Custom Processing Unit

DOI

Custom Processing Unit is the first dynamic analysis framework able to hook, patch and trace CPU microcode at the software level.

It works by leveraging undocumented instructions in Intel CPUs that allow access to the CRBUS. Using our microcode decompiler we reverse engineered how the CPU uses the CRBUS and by replicating the interactions we have full control of the CPU.

Find the static analysis framework as subtree in this folder, or at https://github.com/pietroborrello/ghidra-atom-microcode.

Check out our slides describing this work here.

Note: Custom Processing Unit requires a Red-Unlocked CPU: currently, only Goldmont CPUs (GLM) have a public Red Unlock. We tested Gigabyte GB-BPCE-3350C with CPU stepping 0x9 and 0xa (cpuid 0x000506C9 and 0x000506CA).

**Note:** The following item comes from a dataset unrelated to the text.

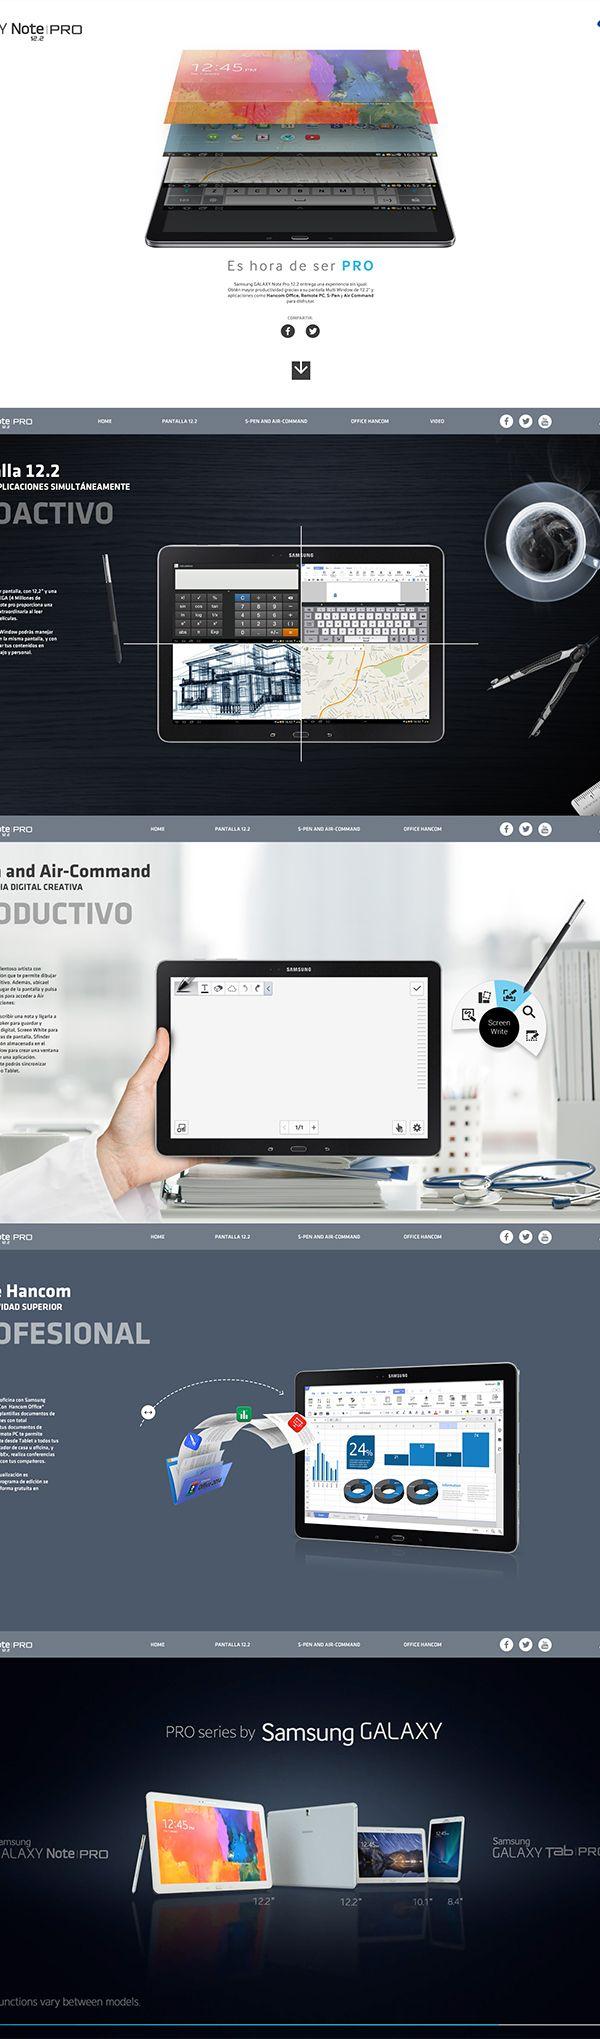 Samsung Galaxy Note Pro by Roberto Uribe. http://bit.ly/1BufrDd
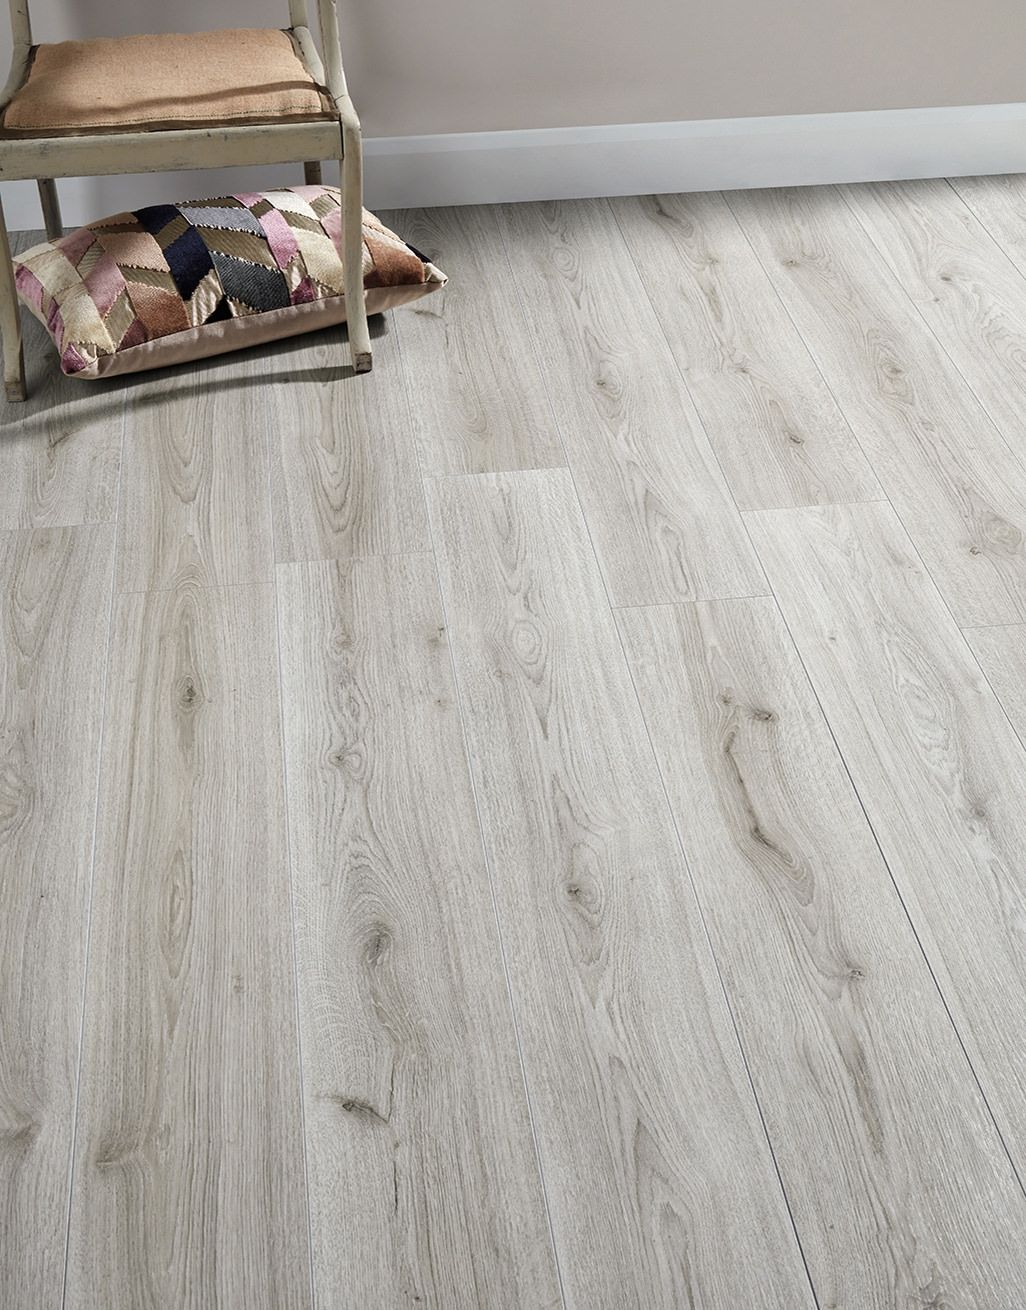 Loft Light Grey Laminate Flooring, Light Grey Oak Effect Laminate Flooring

Custom Processing Unit is made up of a UEFI application and a few libraries. The UEFI application interacts with the GLM CPU, while the libraries provide different helpers to compile microcode into the UEFI application and analyze its output.

Prerequisites

  1. Follow the steps to red unlock your Goldmont CPU from https://github.com/ptresearch/IntelTXE-PoC.
  2. Create a bootable USB key with an EFI shell
  3. Install gnu-efi on your main host

Setup

GNU_EFI_DIR=<path_to_gnu_efi> make

This will build the source microcode files and the UEFI application into cpu.efi. Copy cpu.efi into the \EFI\ folder of the USB key, plug it in the GLM and boot into the EFI shell.

Run map -r in the efi shell to identify the USB key device and <deviceid>: to mount it.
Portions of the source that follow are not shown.